视频文件怎么加载的，没想到也是写了一个IterateDataset类，path只传一个文件，每次读取一张截图，而不是读出一个列表来。多个文件也支持，但似乎不区分文件，应该是用在有连续性的两个文件上。

yolov5/utils/datasets.py

class LoadImages:  # for inference
    def __init__(self, path, img_size=640, stride=32):
        p = str(Path(path).absolute())  # os-agnostic absolute path
        if '*' in p:
            files = sorted(glob.glob(p, recursive=True))  # glob
        elif os.path.isdir(p):
            files = sorted(glob.glob(os.path.join(p, '*.*')))  # dir
        elif os.path.isfile(p):
            files = [p]  # files
        else:
            raise Exception(f'ERROR: {p} does not exist')

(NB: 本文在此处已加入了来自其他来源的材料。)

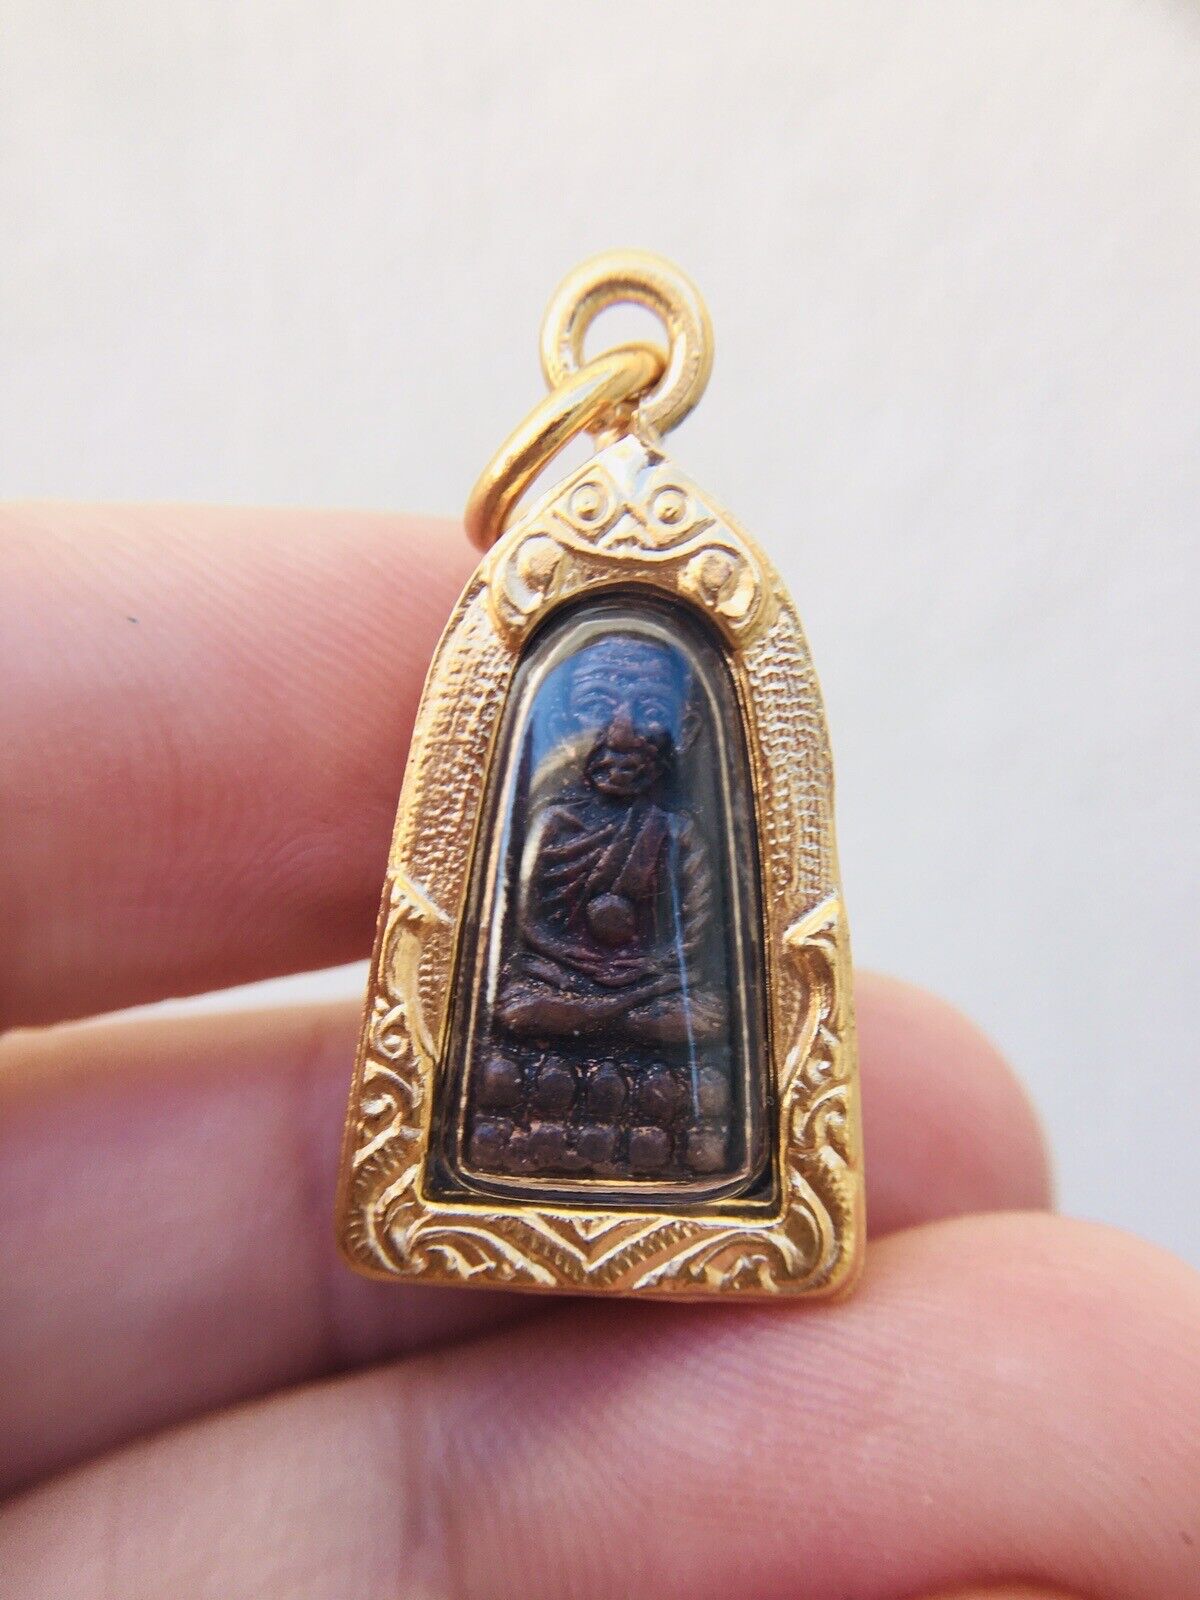 Gorgeous Mini Phra Lp Thuad Thai Amulet Talisman Charm Luck Protection Vol. 45.2

        images = [x for x in files if x.split('.')[-1].lower() in img_formats]
        videos = [x for x in files if x.split('.')[-1].lower() in vid_formats]
        ni, nv = len(images), len(videos)

        self.img_size = img_size
        self.stride = stride
        self.files = images + videos
        self.nf = ni + nv  # number of files
        self.video_flag = [False] * ni + [True] * nv
        self.mode = 'image'
        if any(videos):
            self.new_video(videos[0])  # new video
        else:
            self.cap = None
        assert self.nf > 0, f'No images or videos found in {p}. ' \
                            f'Supported formats are:\nimages: {img_formats}\nvideos: {vid_formats}'

    def __iter__(self):
        self.count = 0
        return self

    def __next__(self):
        if self.count == self.nf:
            raise StopIteration
        path = self.files[self.count]

        if self.video_flag[self.count]:
            # Read video
            self.mode = 'video'
            ret_val, img0 = self.cap.read() # 截图1次，类似f.readline()一次，原尺寸
            if not ret_val: # 最后一帧会返回ret_val=False
                self.count += 1
                self.cap.release()
                if self.count == self.nf:  # last video
                    raise StopIteration
                else:
                    path = self.files[self.count]
                    self.new_video(path)
                    ret_val, img0 = self.cap.read()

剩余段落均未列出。